Let $\mathcal{F}$ be a family of r-uniform hypergraphs. The feasible region $\mathrm{\Omega }(\mathcal{F})$ of $\mathcal{F}$ is the set of points $(x,y)$ in the unit square such that there exists a sequence of $\mathcal{F}$-free r-uniform hypergraphs whose shadow density approaches x and whose edge density approaches y. The feasible region provides a lot of combinatorial information, for example, the supremum of y over all $(x,y)\in \mathrm{\Omega }(\mathcal{F})$ is the Turán density $\pi (\mathcal{F})$, and $\mathrm{\Omega }(\varnothing )$ gives the Kruskal-Katona theorem.

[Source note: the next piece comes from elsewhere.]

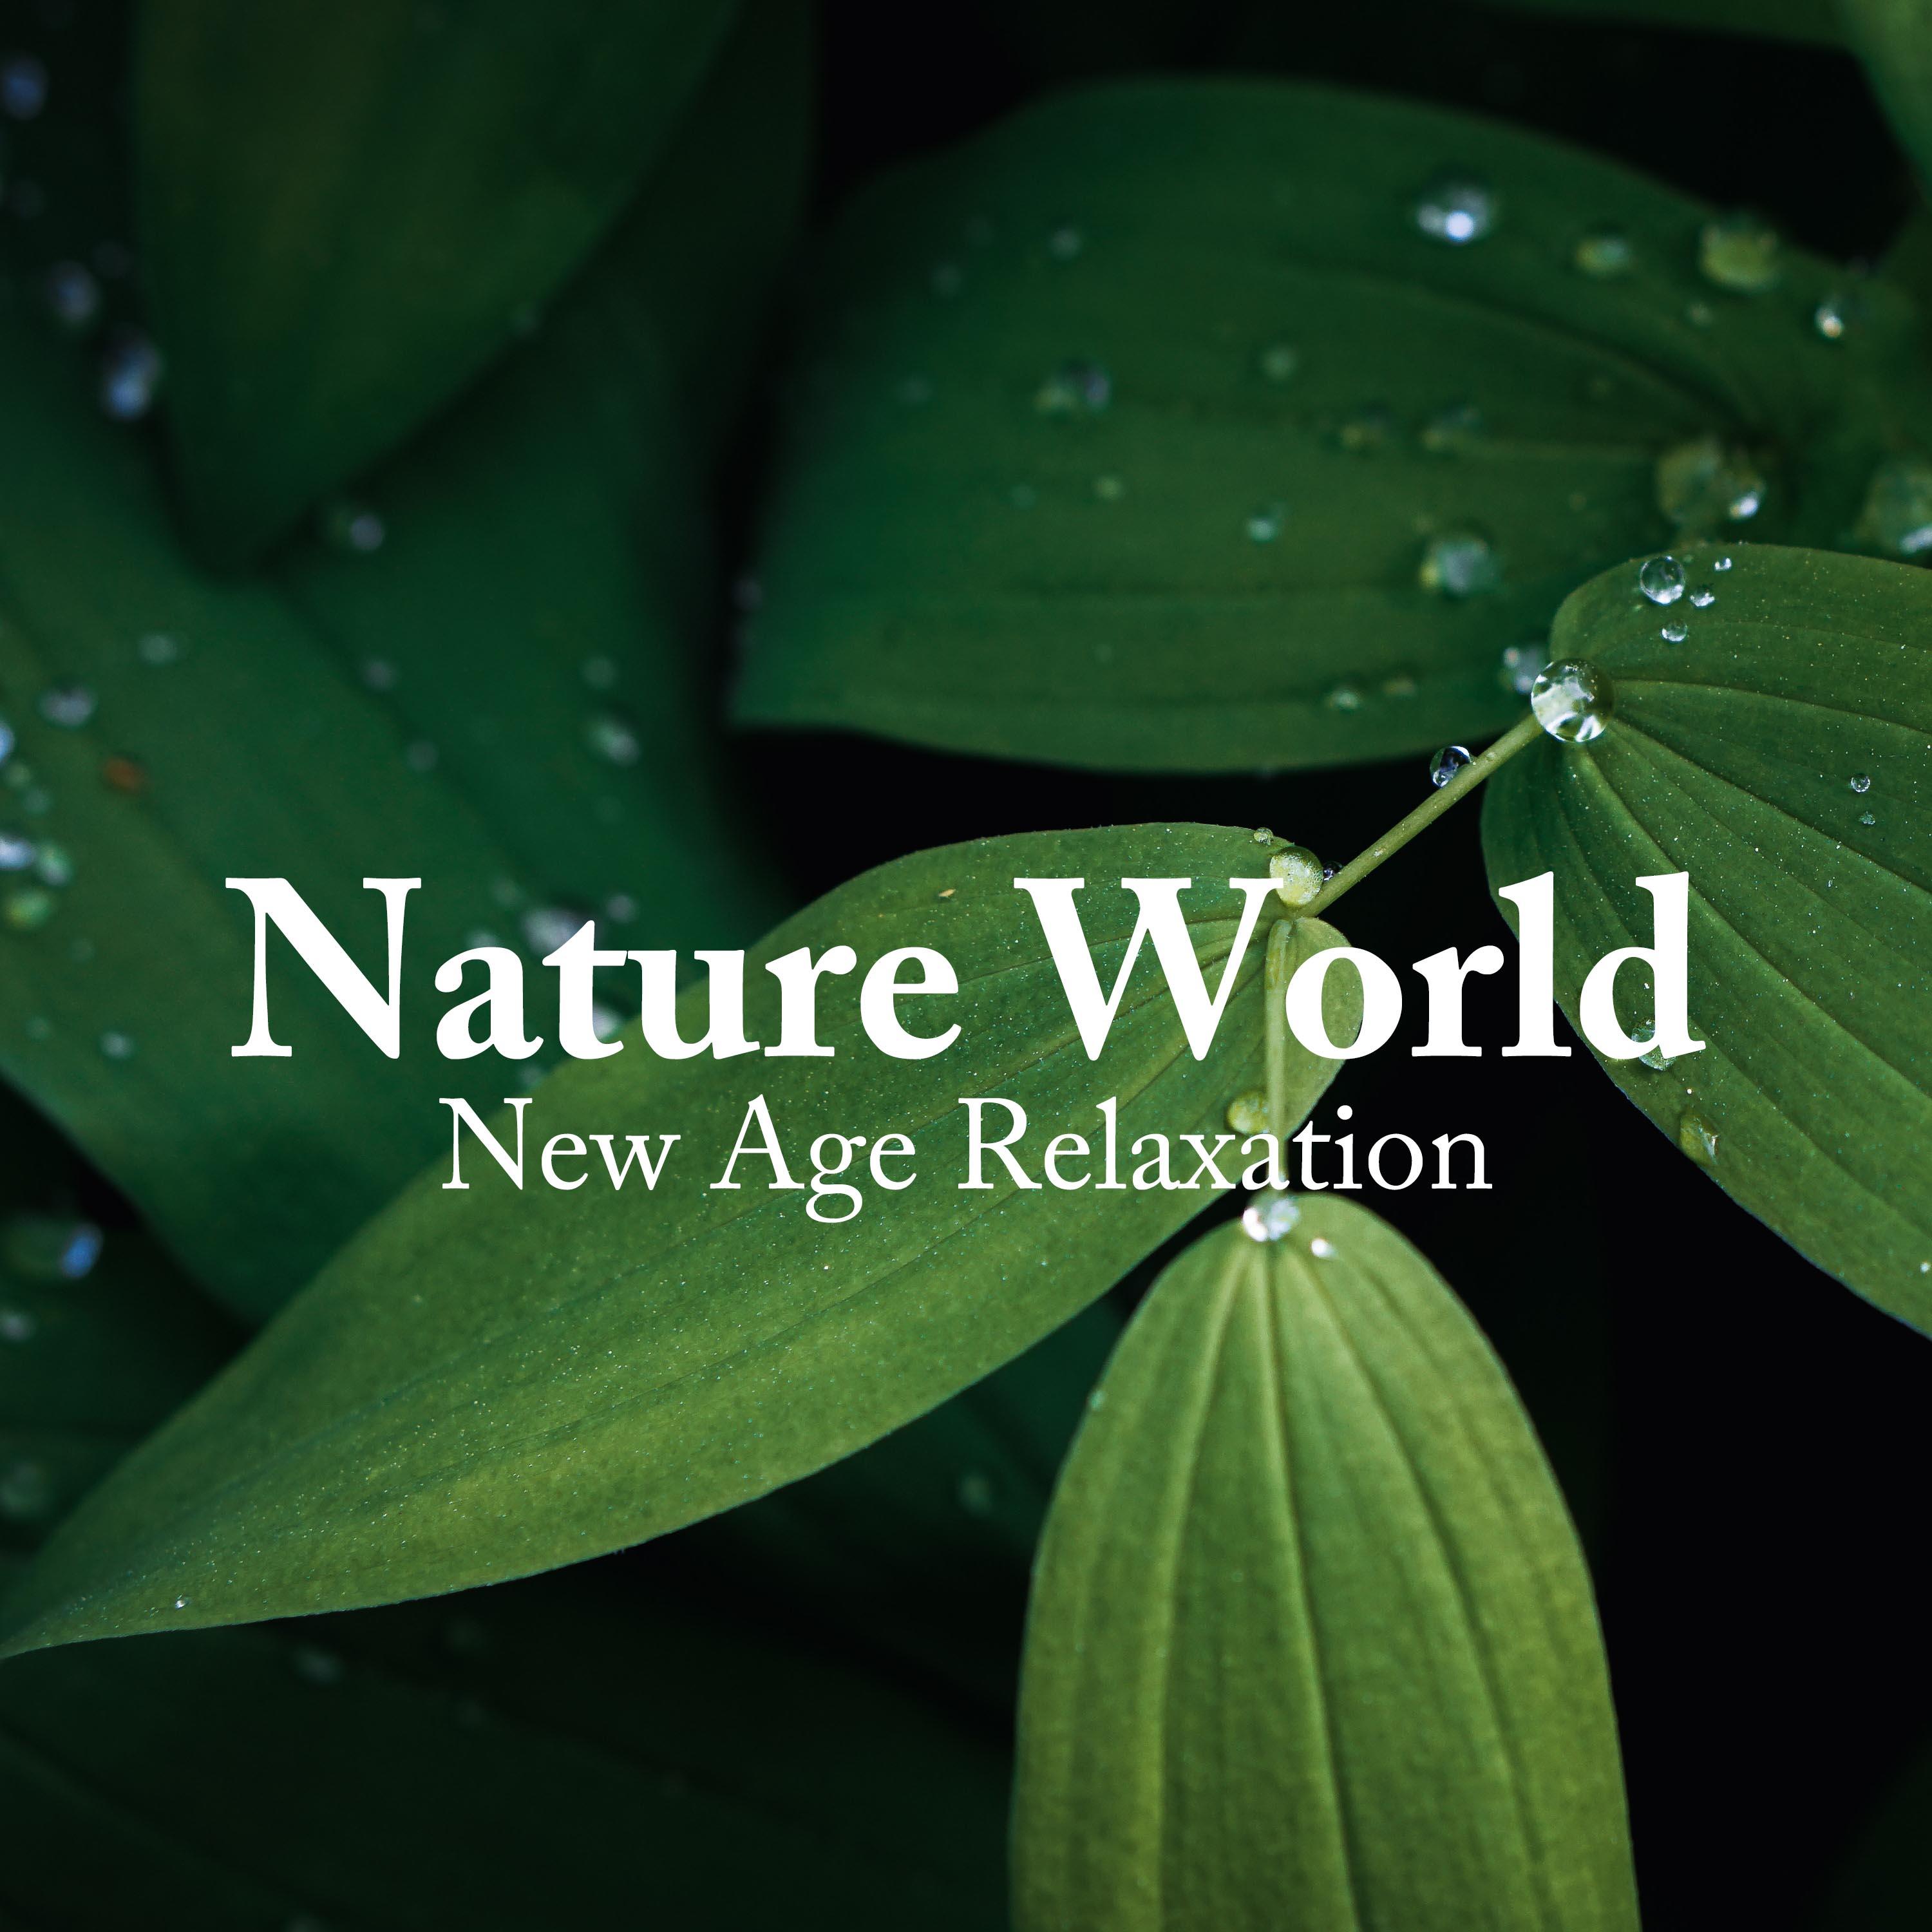 Nature World - New Age Relaxation, Meditation Music for your Well-Being

We undertake a systematic study of $\mathrm{\Omega }(\mathcal{F})$, and prove that $\mathrm{\Omega }(\mathcal{F})$ is completely determined by a left-continuous almost everywhere differentiable function; and moreover, there exists an $\mathcal{F}$ for which this function is not continuous. We also extend some old related theorems. For example, we generalize a result of Fisher and Ryan to hypergraphs and extend a classical result of Bollobás by almost completely determining the feasible region for cancellative triple systems.

让 $\mathcal{F}$是r一致超图的族。可行区域$\mathrm{\Omega }（\mathcal{F}）$ 的 $\mathcal{F}$ 是点集 $（X，ÿ）$ 在单位正方形中，使得存在一系列 $\mathcal{F}$-free ř -uniform超图，其阴影密度接近X和其边缘密度接近ÿ。可行区域提供了很多组合信息，例如，y的全部$（X，ÿ）\in \mathrm{\Omega }（\mathcal{F}）$ 是图兰密度 $\pi （\mathcal{F}）$和 $\mathrm{\Omega }（\varnothing ）$ 给出了Kruskal-Katona定理。

我们对 $\mathrm{\Omega }（\mathcal{F}）$，并证明 $\mathrm{\Omega }（\mathcal{F}）$几乎完全由左连续的微分函数决定；而且，存在一个$\mathcal{F}$为此功能不连续。我们还扩展了一些旧的相关定理。例如，我们将Fisher和Ryan的结果推广到超图，并通过几乎完全确定可取消三元组系统的可行区域来扩展Bollobás的经典结果。